Éxtasis del toreo. Las femorales ofrecidas. Tiempo antiguo de la Fiesta en la mañana soleada y romana de Nimes, con su afición formidable compartiendo lugar y sitio con los creyentes que de España y América llegaron para compartir la Séptima Sinfonía de Beethoven toreada. Se dice de Manolete, pero para mí –y para el propio Antonio Ordóñez–, José Tomás es su heredero, más cercano al mito que el grandioso rondeño, que se llevó a su esquina de la eternidad más de veinte cornadas de torero artista, de torero grande y de torero macho.
Arte supremo ante los pitones de seis toros, seis –uno indultado–, de Victoriano del Río, de Jandilla, del Pilar, de Parladé –que volverá a la dehesa–, de Garcigrande y de Cortés.
«Da su junco a la media luna fiera y a la muerte su gracia, de rodillas». Cosas de Alberti. Picasso y Jean Cocteau en las nubes. Y las mujeres, como en los versos de Camyn: « …y al acabar la fiesta, cuando pasa/ primaveral y airosa, entre la gente,/ lleva desde el tendido hasta la casa/ los labios de reír, como una fuente,/ los ojos de llorar, como una brasa».
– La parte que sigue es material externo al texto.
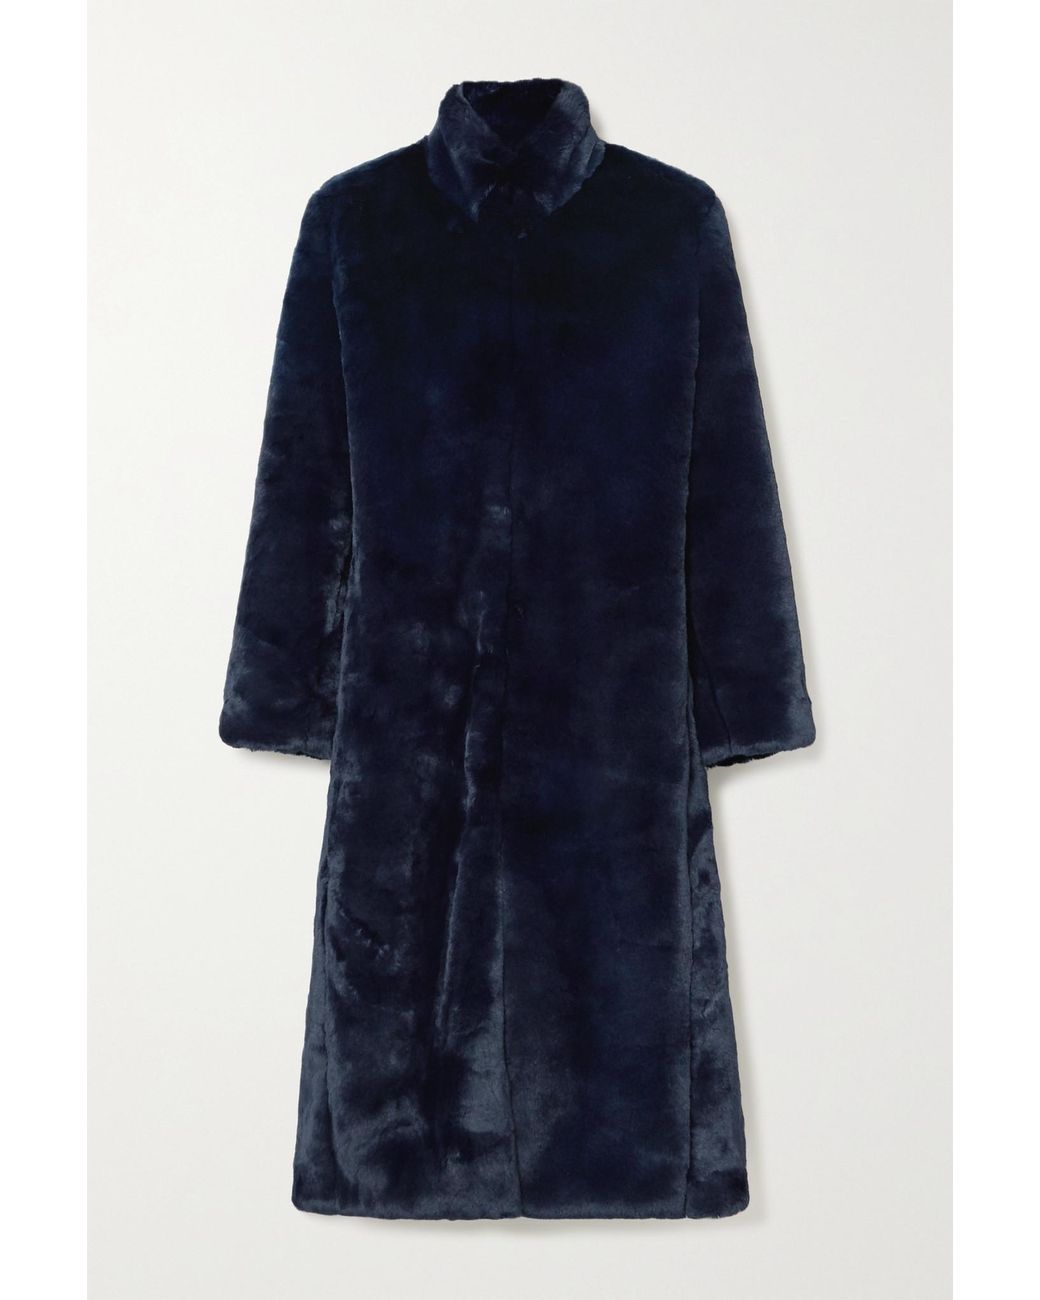 Cefinn Carly Faux Fur Coat in Blue - Lyst

–Maestro Buonaroti: ¿Cómo una roca de mármol puede convertirse en «La Piedad»? – Muy sencillo. Quitando a la roca de mármol todo lo que le sobra». Pues eso. El toreo de Tomás consiste, cuando su arte y valor se lo demandan, en eliminar del aire lo superfluo y esculpir la obra fundamental. Y ante la muerte. Y entre los pitones. De nuevo, Alberti: «Una mulata/ dos pitones en punta/ bajo la bata». Aquí en la lejanía, los únicos pitones aproximados al arte que he podido ver, sin sustos, han sido los de Kate Middleton. Bellísimos, y también muy repercutidos, pero otra cosa.